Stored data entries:
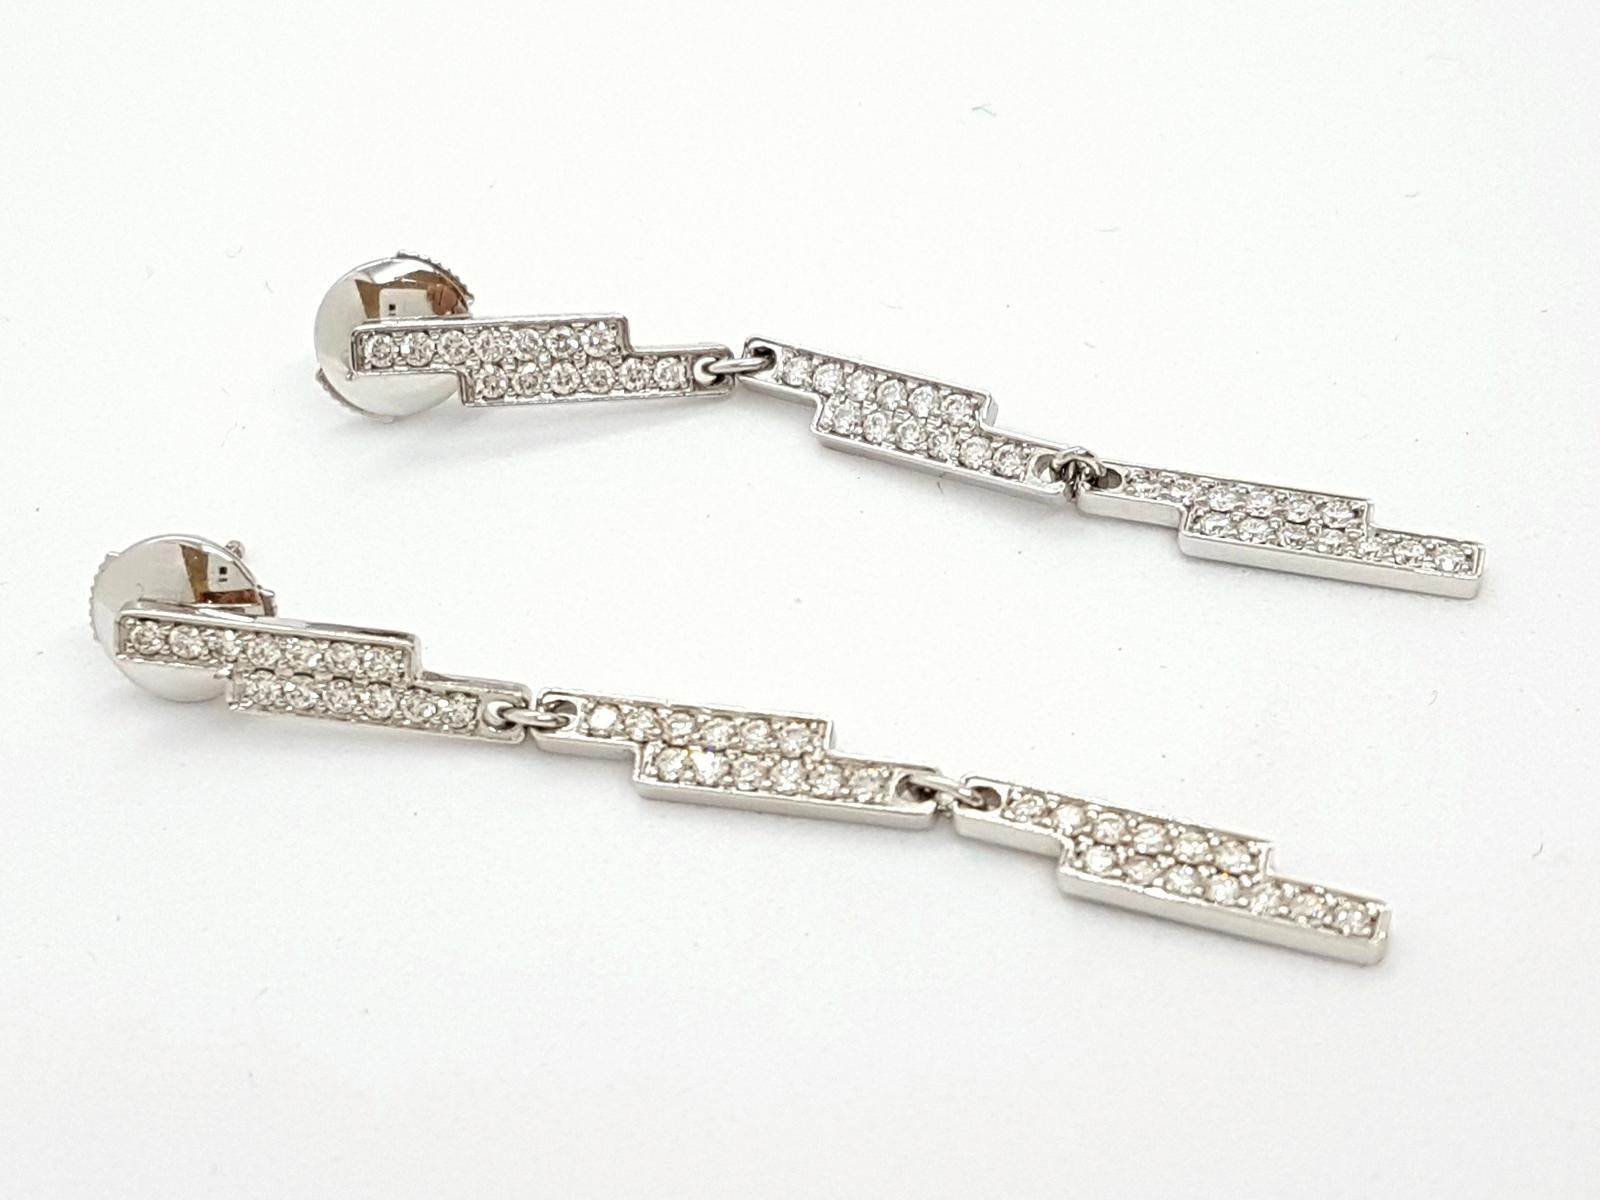 Earrings signed La Maison Van Dinh.
Seventies collection
18k white gold
Paved with 76 brilliant cut diamonds G- VS for a total of 0.95 carat. weight: 5.84 g.
length 5.2 cm. width 0.4 cm. Mint. punched

### TASK DESCRIPTION
All the lines above need to be repeated exactly, with no pictures carried over.

### SOLUTION FOR THIS PROBLEM
 Earrings signed La Maison Van Dinh.
Seventies collection
18k white gold
Paved with 76 brilliant cut diamonds G- VS for a total of 0.95 carat. weight: 5.84 g.
length 5.2 cm. width 0.4 cm. Mint. punched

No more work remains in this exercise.